Convention bookings down while plans for hotel heat up

Baltimore officials say intensified competition and a lack of lodging are taking a toll.

December 24, 2004|By Lorraine Mirabella | Lorraine Mirabella,SUN STAFF

Baltimore is forging ahead with a proposed publicly financed convention headquarters hotel - one of the costliest projects ever undertaken by the city - at a time when the convention center's future business is sagging and new competitors are posing an increased threat.

As the city's economic development arm pushes to sell $290 million in tax-exempt bonds to finance a 750-room Hilton, convention center bookings are set to plummet by nearly half in 2006 and sink over the next several years, with just four groups signed up for 2009 - well within the booking window for major conventions.

Meanwhile, Washington's new convention center has sold more than eight times as many hotel nights in 2009 as Baltimore's. Philadelphia has booked at least 50 groups a year through 2008, a year for which Baltimore has seven. That same year, Gaylord National Resorts plans to open an all-inclusive convention resort less than 10 miles from Washington in Prince George's County.

Convention officials concede that the intensified competition both in the region and nationwide is taking a toll on Baltimore.

"Am I worried that we have only 28 conventions [in 2006]? Yes ... and we do recognize we are a little behind our booking pace," said Debra Dignan, Baltimore Area Convention and Visitors Association associate vice president for convention sales. "There is so much [space] available out there, and associations think the closer they book, the better deal they'll get."

Gaylord National Resort and Convention Center on the Potomac is viewed as an especially formidable competitor. Scheduled to open the same year as Baltimore's planned four-star Hilton, the resort - the largest to break ground outside Las Vegas - is booking events through 2014.

With a single company in control of 400,000 square feet of exhibition and meeting space, 1,500 hotel rooms, a spa, nightclub and other amenities, Gaylord can undercut competitors with package deals, particularly for customers who also book events at its other resorts in Nashville, Tenn., Orlando and near Dallas.

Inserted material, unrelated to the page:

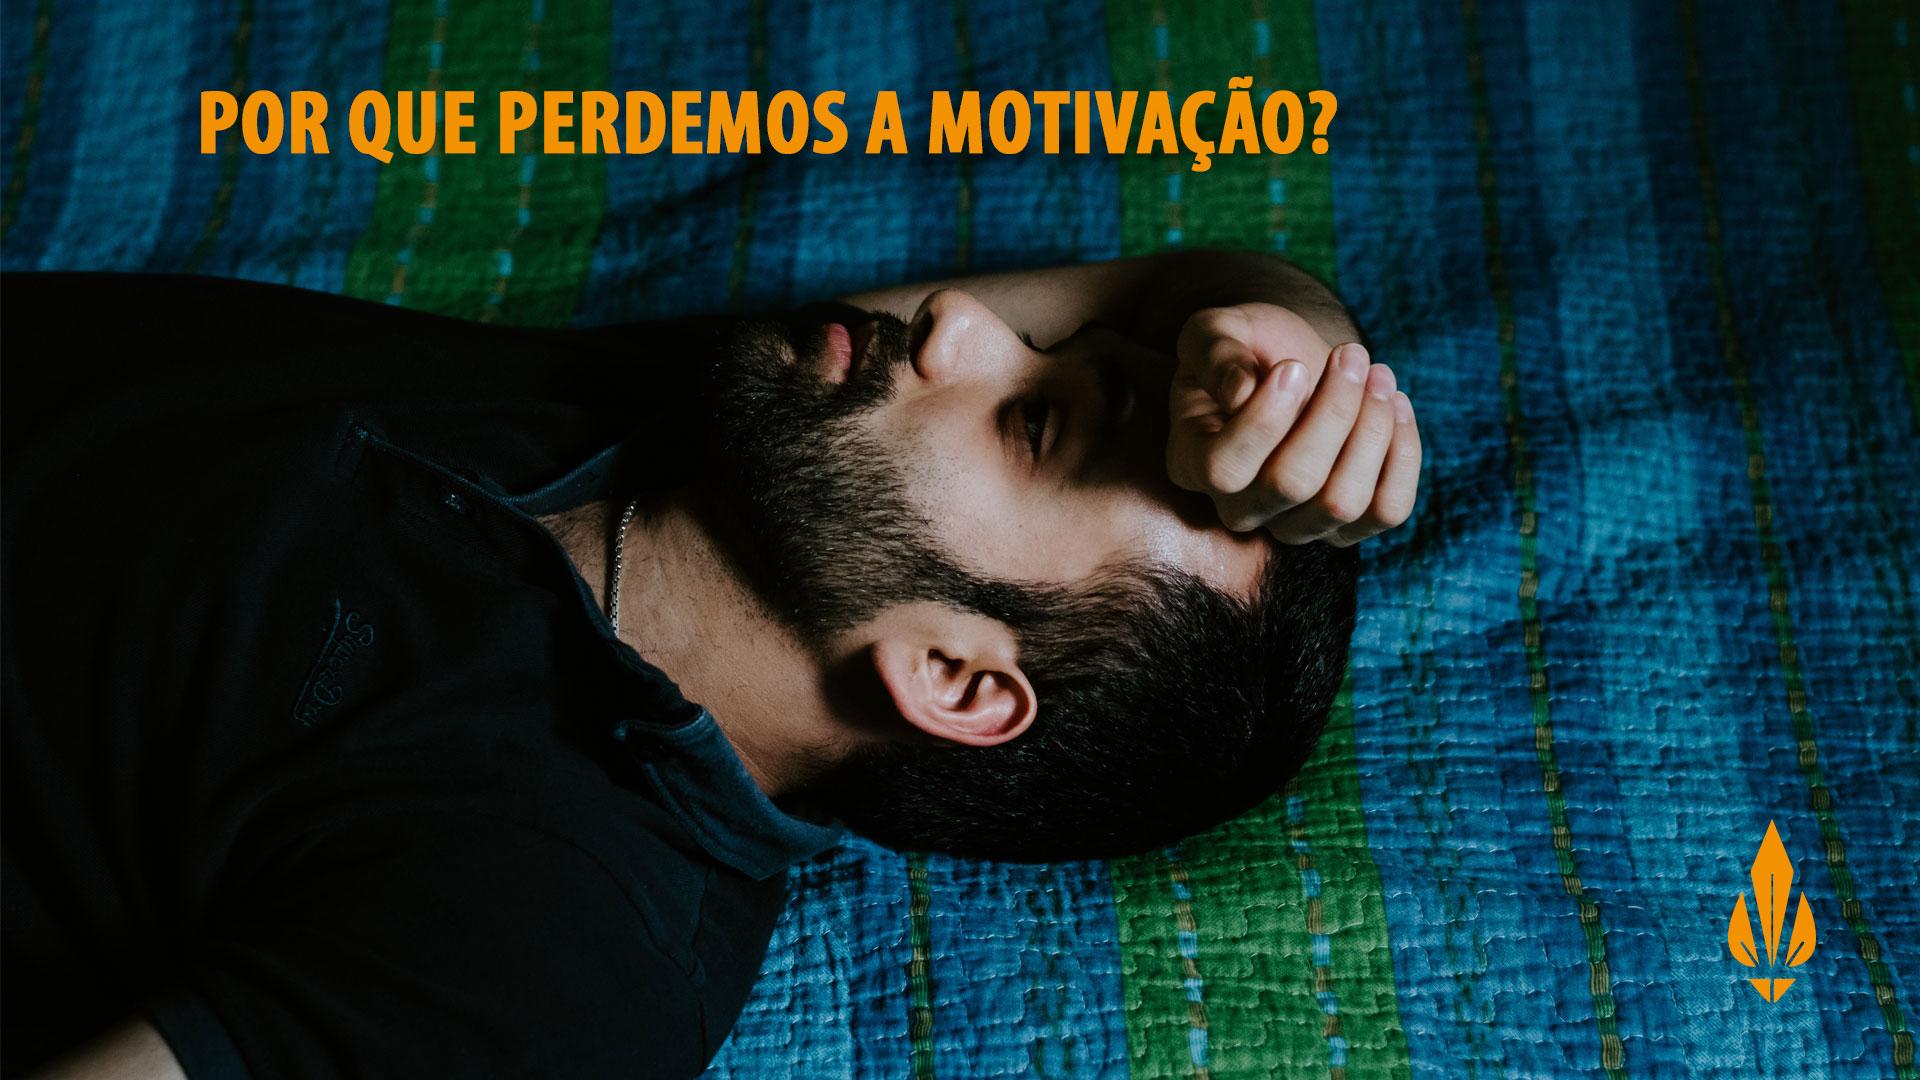 Por que perdemos a motivação?

The latest figures from Baltimore's convention bureau show 163,192 nights in area hotels booked for 2006, down from 300,054 the year before. That dwindles to 34,039 for 2009.

The Washington Convention Center - whose exhibition space is more than double Baltimore's - has booked 160 events through 2017. For 2009, the center, which opened last year, has booked 15 groups and 284,221 nights in area hotels, a level that dips only slightly through 2012.

Philadelphia, which has a 1,400-room convention hotel, has at least 50 groups booked each year through 2008, including 15 or 16 "citywide" conventions each year, and plans to expand its exhibit space in 2008.

Even without the new Gaylord resort, competitors in the past fiscal year alone outbid Baltimore for 94 meetings that would have generated more than 250,000 hotel room nights, according to BACVA. Baltimore lost the most business to Orlando, followed by Philadelphia, Boston and Washington.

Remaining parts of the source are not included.